[Task statement]
Copy exactly the lines of the material below that run from the one containing "adidas TERREX Skychaser" through the one containing "Ultra Slug Hunter". Copy no other lines.

:: Supplied material ::

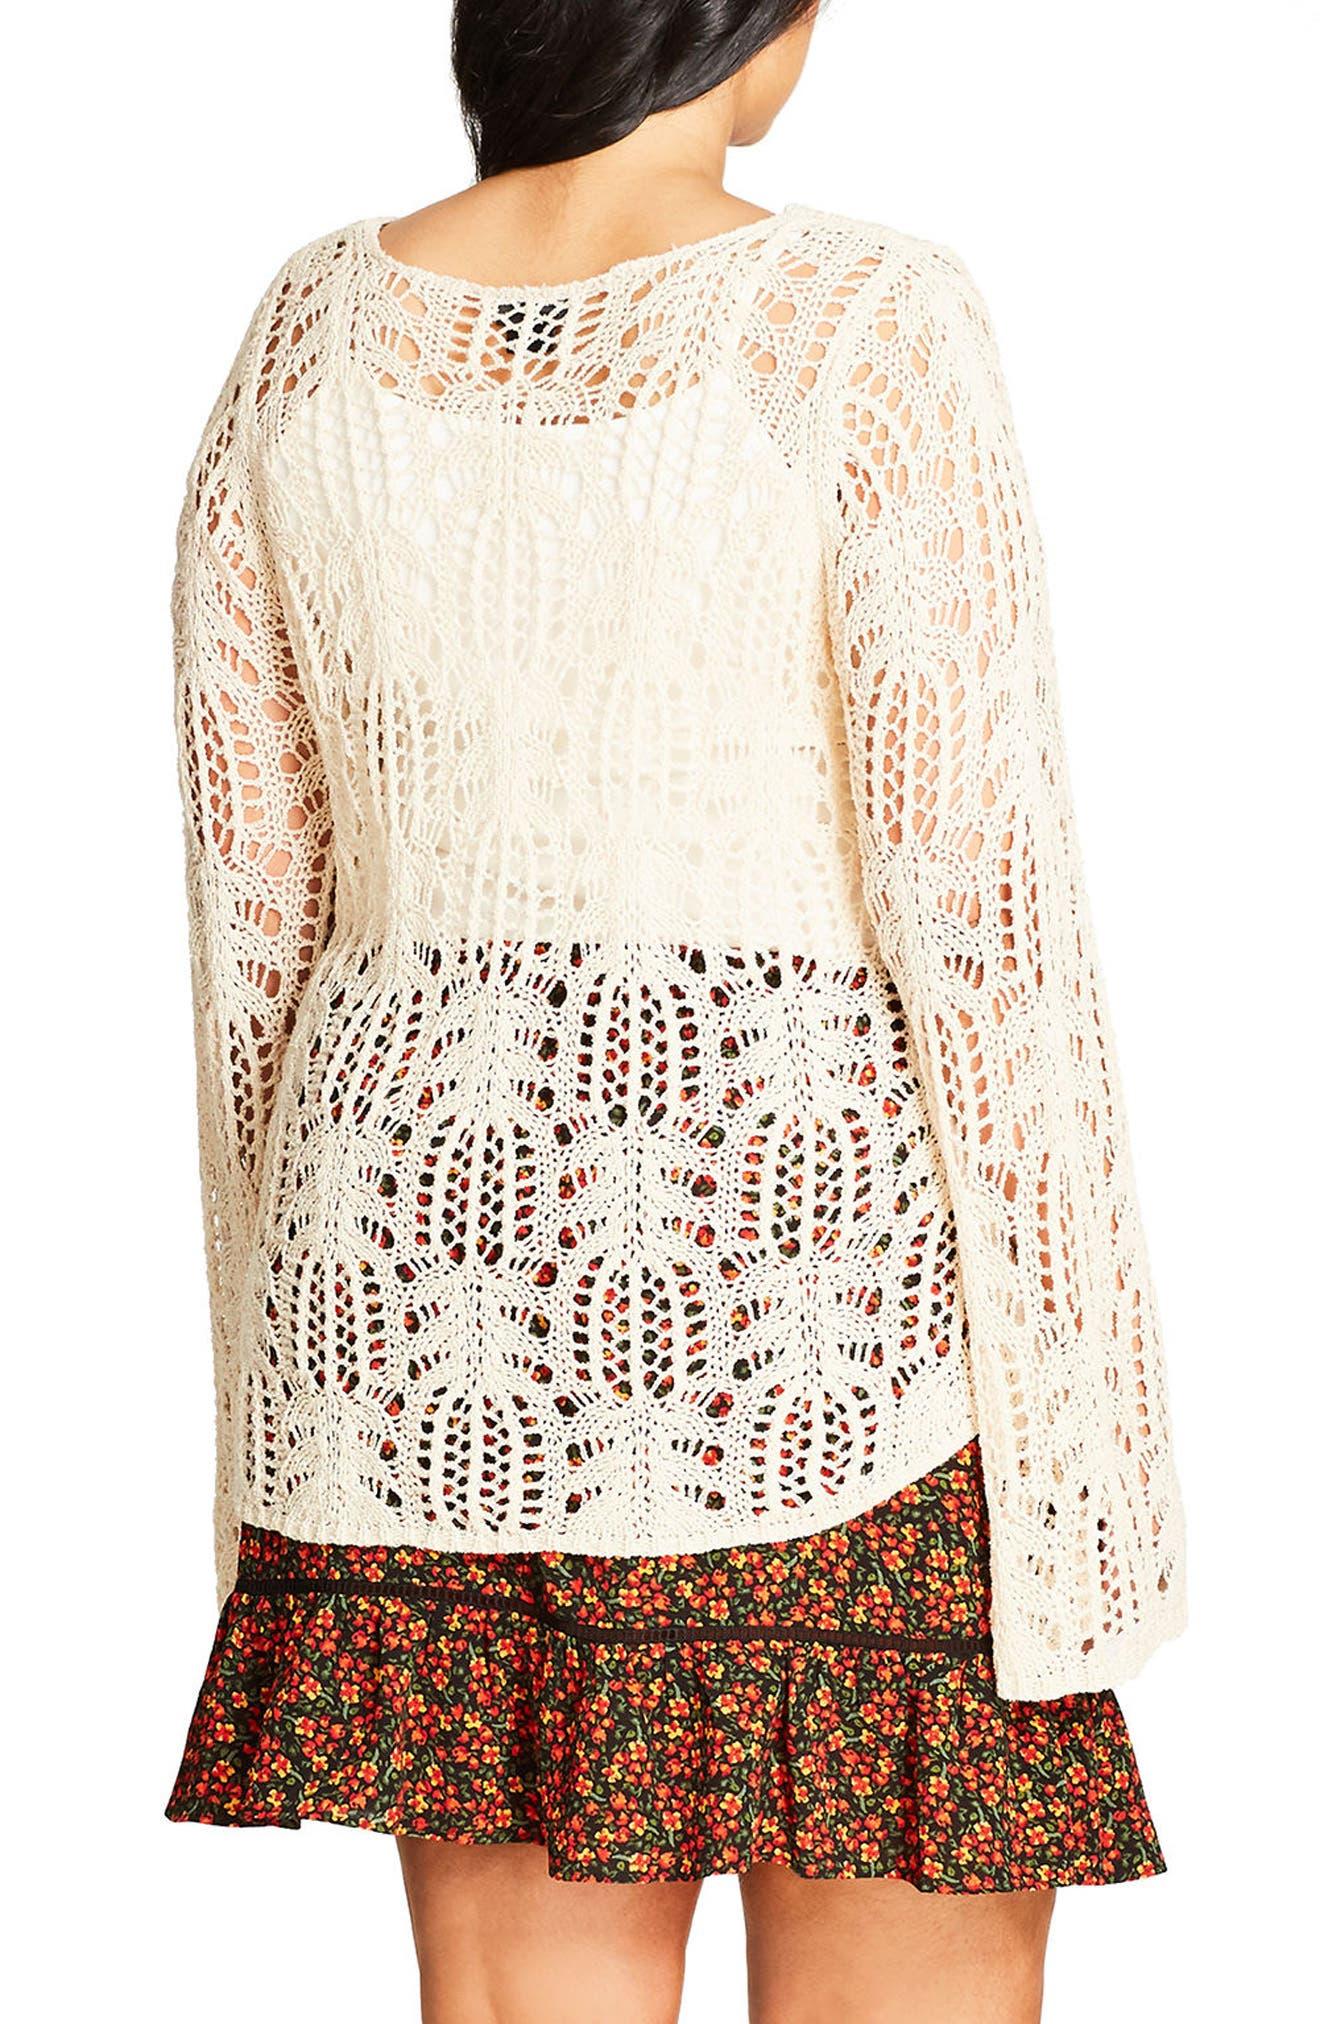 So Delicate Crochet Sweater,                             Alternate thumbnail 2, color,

:::
:: Supplied material ::

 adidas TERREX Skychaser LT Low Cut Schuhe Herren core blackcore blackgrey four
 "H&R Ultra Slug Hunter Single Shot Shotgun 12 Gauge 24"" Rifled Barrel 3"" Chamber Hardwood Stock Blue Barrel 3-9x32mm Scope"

:::

[Answer to this task]
 adidas TERREX Skychaser LT Low Cut Schuhe Herren core blackcore blackgrey four
 "H&R Ultra Slug Hunter Single Shot Shotgun 12 Gauge 24"" Rifled Barrel 3"" Chamber Hardwood Stock Blue Barrel 3-9x32mm Scope"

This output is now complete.